Prediction Interval Evaluation

An essential first question for developing prediction intervals is how to evaluate them? This is a critical question since we need to know how to compare the performance of different prediction interval models. For a regression model that outputs a single prediction, we can directly compare the difference between the prediction and the true value. The smaller the difference, the better the regression model is. The assessment for prediction interval models is very different from the regression model assessment. A good prediction interval should first contain the actual value, and second, it should be tight. If we have an infinite prediction interval, it will cover the actual value, but it provides no valuable information to users. In the paper, we use two established metrics to measure the performance of the prediction interval model. First is the Prediction Interval Coverage Probability (PICP), which is the percentage of the time the prediction interval covers the actual value in a holdout set. Since we want to make sure that the prediction interval will cover the true value, the higher the PICP the better. However, using only PICP will not be enough since we can achieve 100% PICP (all prediction intervals will cover the true value) by setting the prediction interval to be infinity. Therefore, the second metric is the Mean Prediction Interval Width (MPIW) to measure the average size of all prediction intervals. In general, we want the model to have high PICP (typically reaching some threshold such as 80%) while maintaining a low MPIW. Now you may have a question: how can we know if a model is better than another model if the PICP is larger but the MPIW is also larger? We can put all the models on even ground by linearly scaling them to hit a given PICP target exactly. This allows us to compare each MPIW directly, with the smaller MPIW being better. For example, if the PICP for a given model is 76% and the target PICP is 80%, we will expand the prediction intervals (which makes the MPIW larger) to hit exactly 80%. On the other hand, if the PICP for a given model is 85%, we will shrink the prediction intervals to hit 80% PICP. After all the models we want to compare hit the same PICP target, we can compare the MPIW to check which model is the best.

Traditional Techniques

Before we dive into our new technique, let’s first discuss existing techniques to construct a prediction interval model from related literature. The first and most common way to construct prediction intervals is to predict the variance directly. We can view the prediction interval to be constructed by a point of estimation plus and minus a multiple of the predicted standard deviation (which is the square root of the variance). If we are less certain, the variance will be higher; if we’re more certain, the variance will be smaller, which results in smaller prediction intervals. Both the Maximum likelihood estimation and the Ensemble method are techniques trying to predict the variance directly. We also include the quantile regression method, and a naive baseline fixed bound method so that we can compare all these different techniques with our proposed method.

Fixed Bound Method

The fixed bounds method is a naive baseline so we can get a floor of performance that can be achieved with minimal effort. The technique trains a regression model to predict the true value then adds and subtracts a fixed percentage of that prediction value. For example, if the prediction is 3,000 and the fixed percentage is set to 30%, we can then construct a prediction interval with the lower bound to be 3000-(30%3000) and the upper bound to be 3000+(30%3000).
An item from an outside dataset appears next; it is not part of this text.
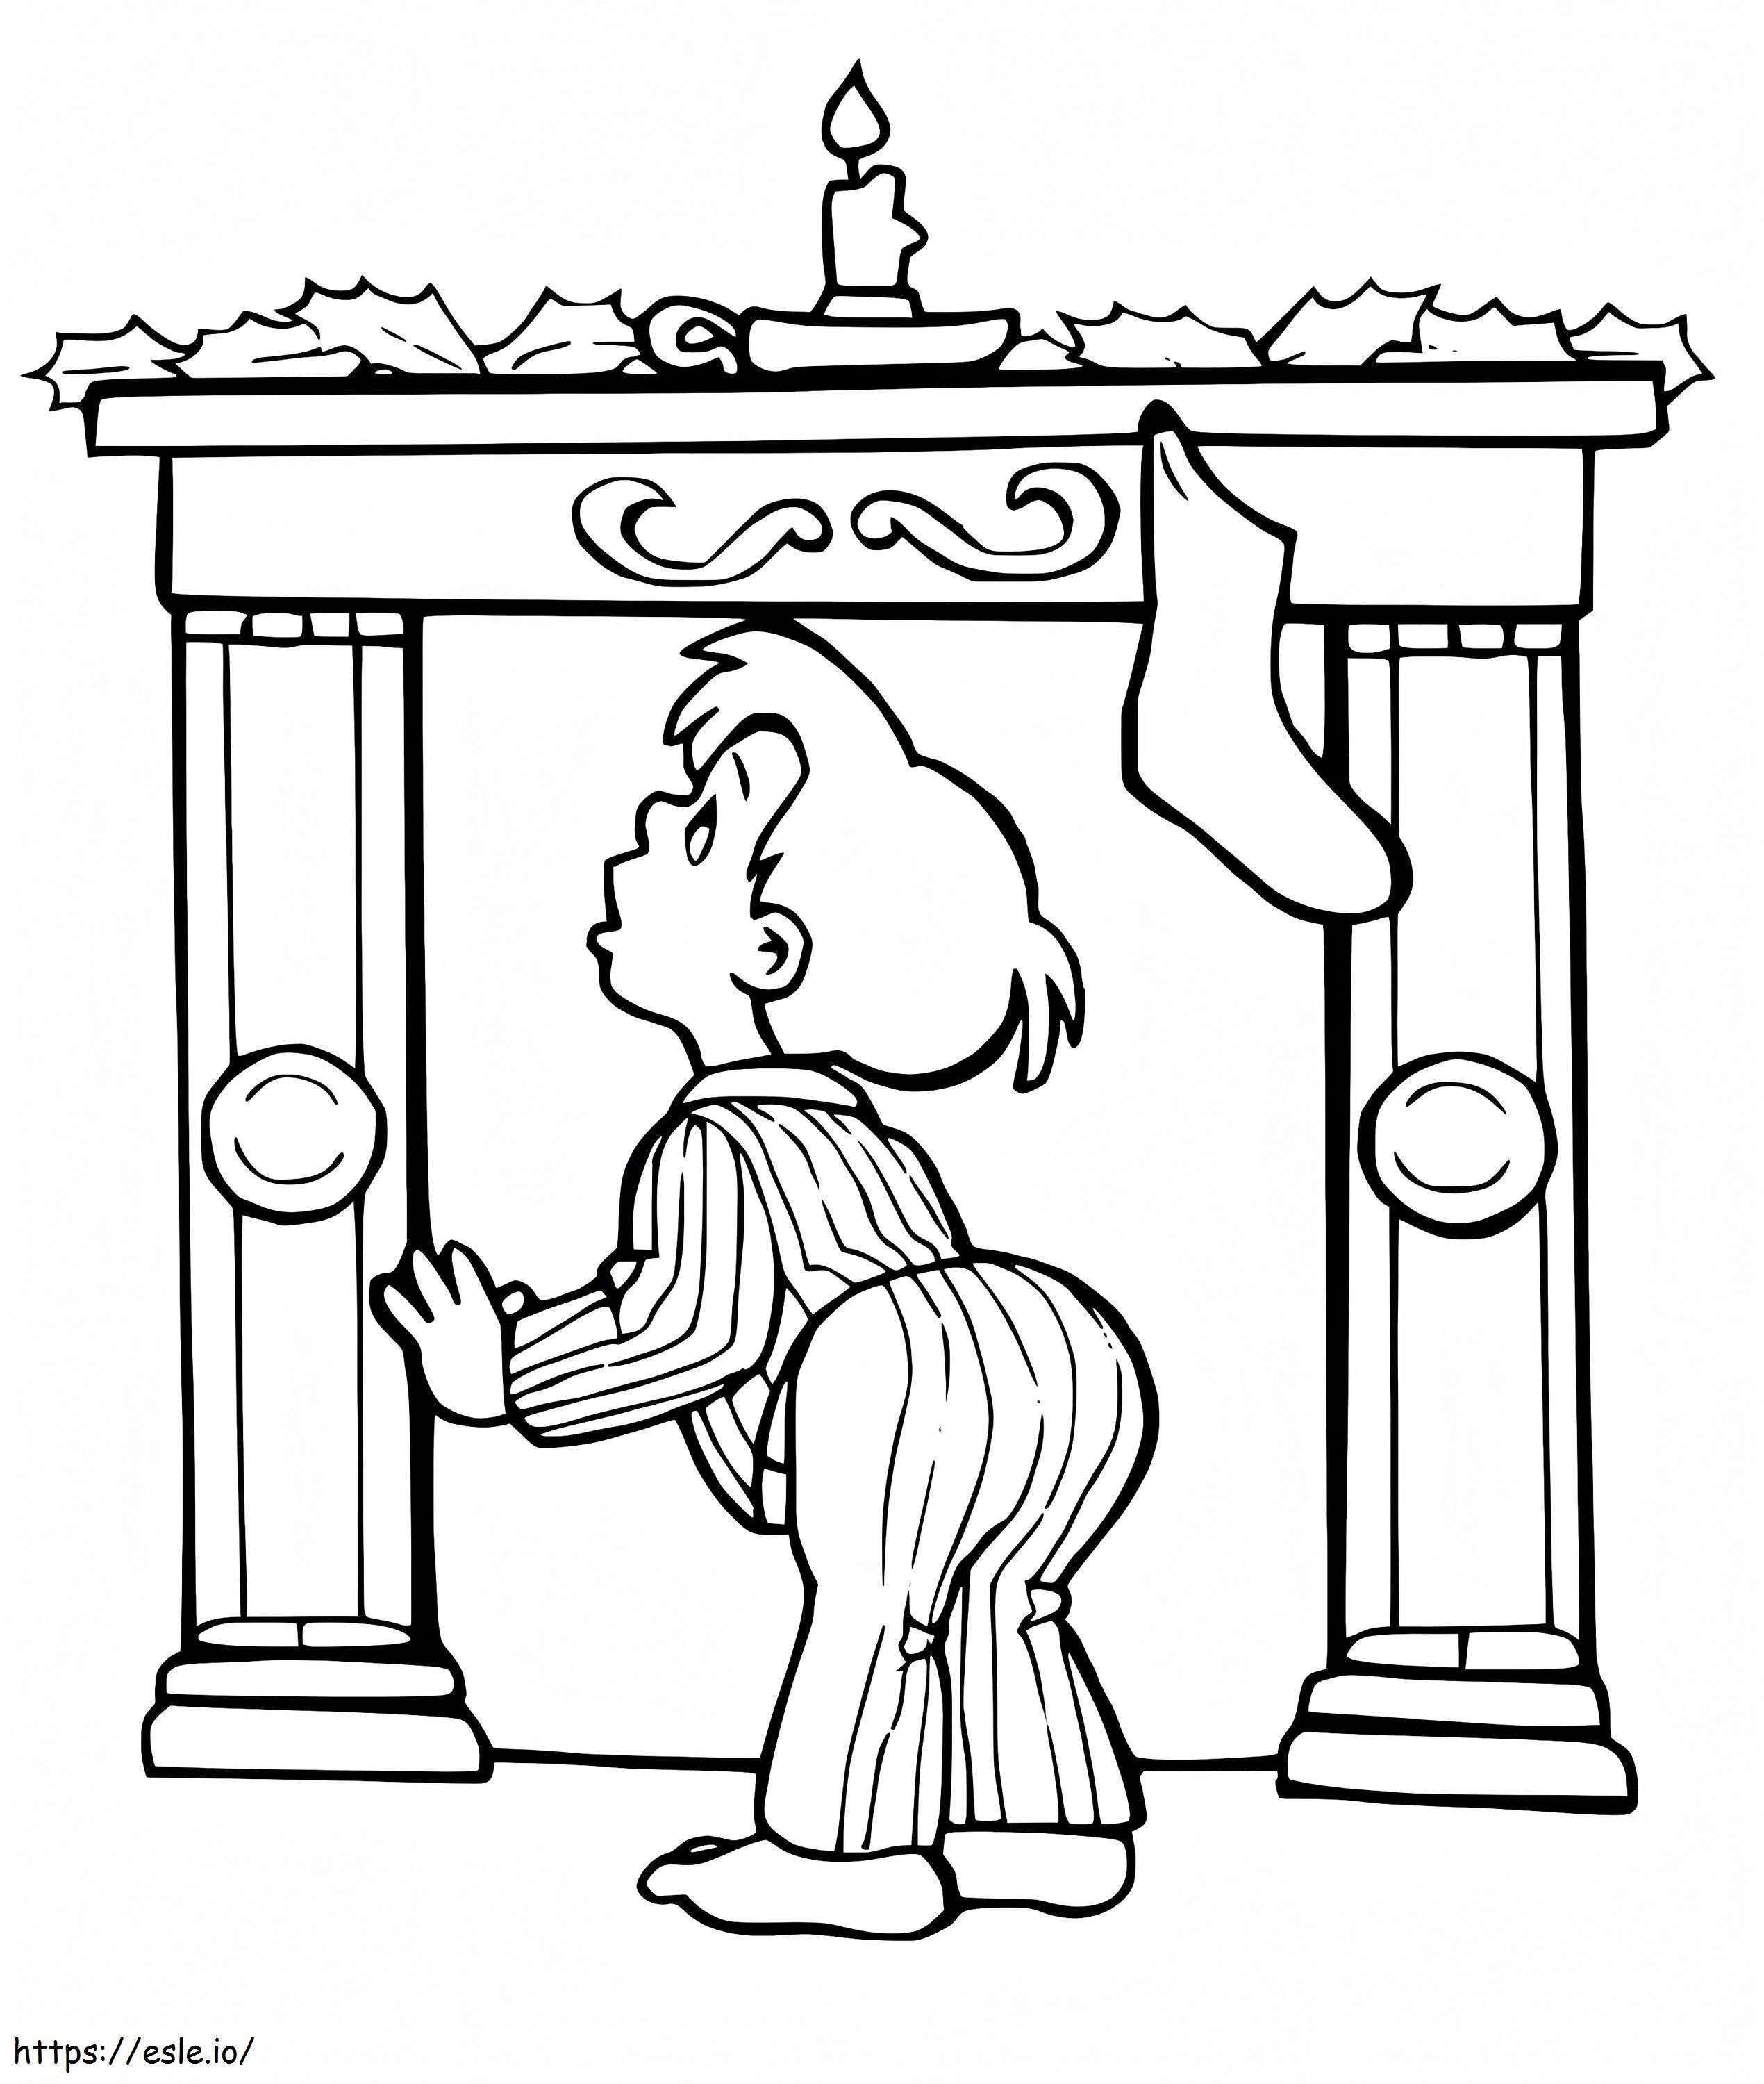 Boy And Fireplace coloring page

Maximum Likelihood Estimation

For the maximum likelihood method, we directly build two neural networks. The first neural network predicts the true value (like the $9,483 prediction for thairestaurant.com domain name), and the the second neural network predicts the absolute error of the first model, otherwise known as the variance. For example, if the variance prediction for thairestaurant.com might be $3,000, the prediction interval predicted by Maximum Likelihood estimation would be $6,483 to $12,483.

Ensemble Method

For the ensemble method, we build multiple neural network models that predict the true value and use the outputs from those neural network models to construct the prediction interval. Every neural network is trained on a subsample of the full dataset so, those models will be slightly different. We then take the average of the predictions from those neural networks to be the point of estimation and calculate the variance of those predictions to be the estimation of how confident the models are.

Quantile Regression Method

Quantile regression is a type of regression that predicts a specific quantile, such as the mean or 50%, of the data. Using quantile regression, we can construct prediction intervals by training two models to output different quantile of the prediction and thus construct an interval. For example, we can train one model to predict the 10th percentile of the prediction and another model to predict the 90th percentile of the prediction. Then we can construct a prediction interval using these two outputs.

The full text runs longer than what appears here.